What you should do ▸ Exactly transcribe the line that holds "Dylan Thomas" and every remaining line of the records, up to and including the final one, with nothing else.
=====
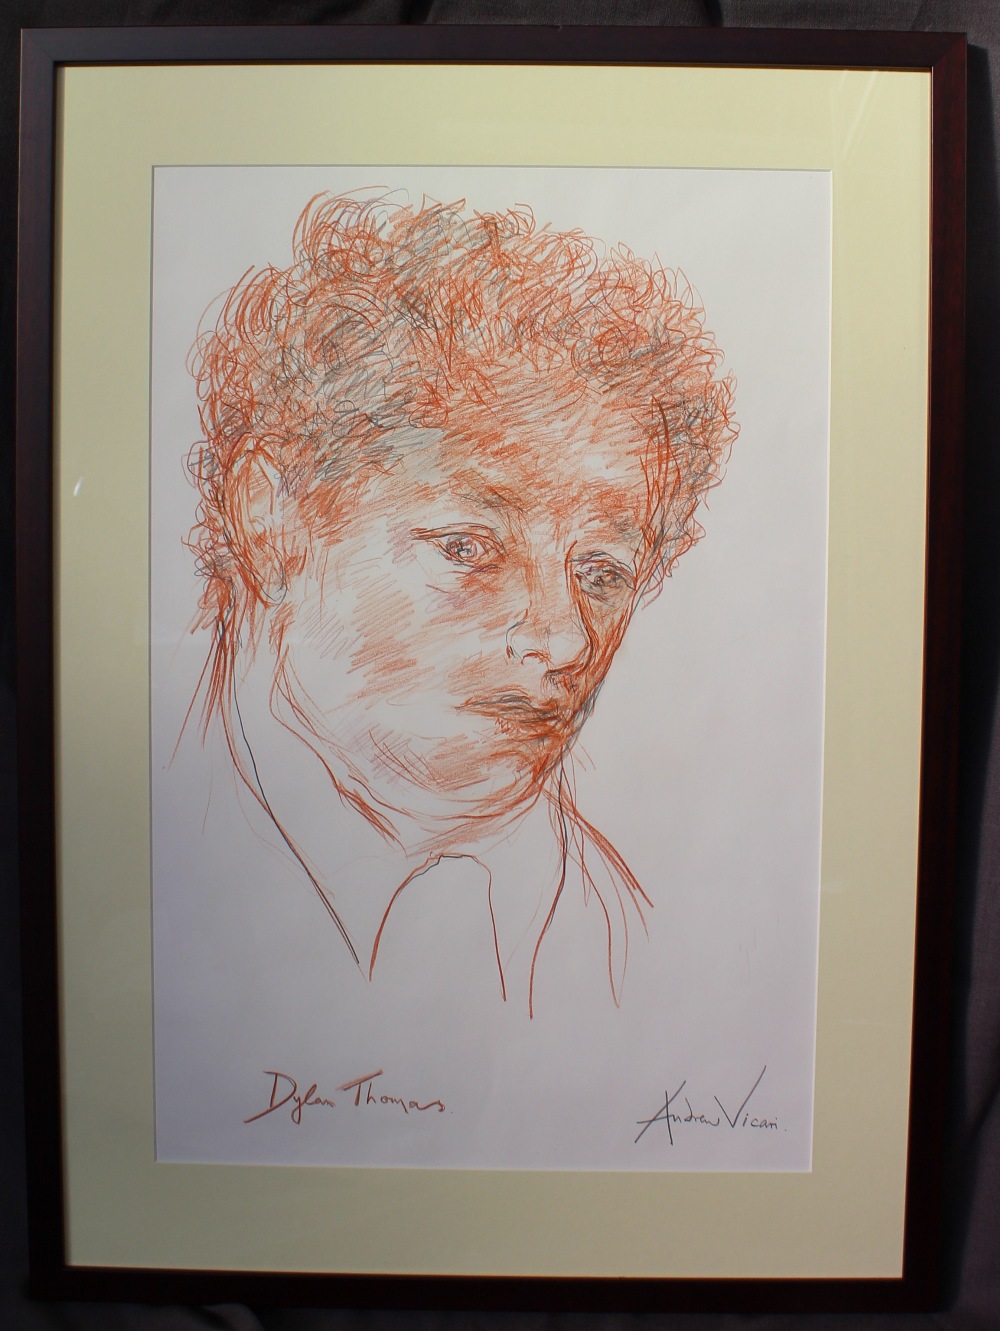 Andrew Vicari
Dylan Thomas
A head and shoulders portrait
Pastel
Signed and inscribed
Andrew Vicari - Image 2 of 6
=====
Exercise solution ▸
Dylan Thomas
A head and shoulders portrait
Pastel
Signed and inscribed
Andrew Vicari - Image 2 of 6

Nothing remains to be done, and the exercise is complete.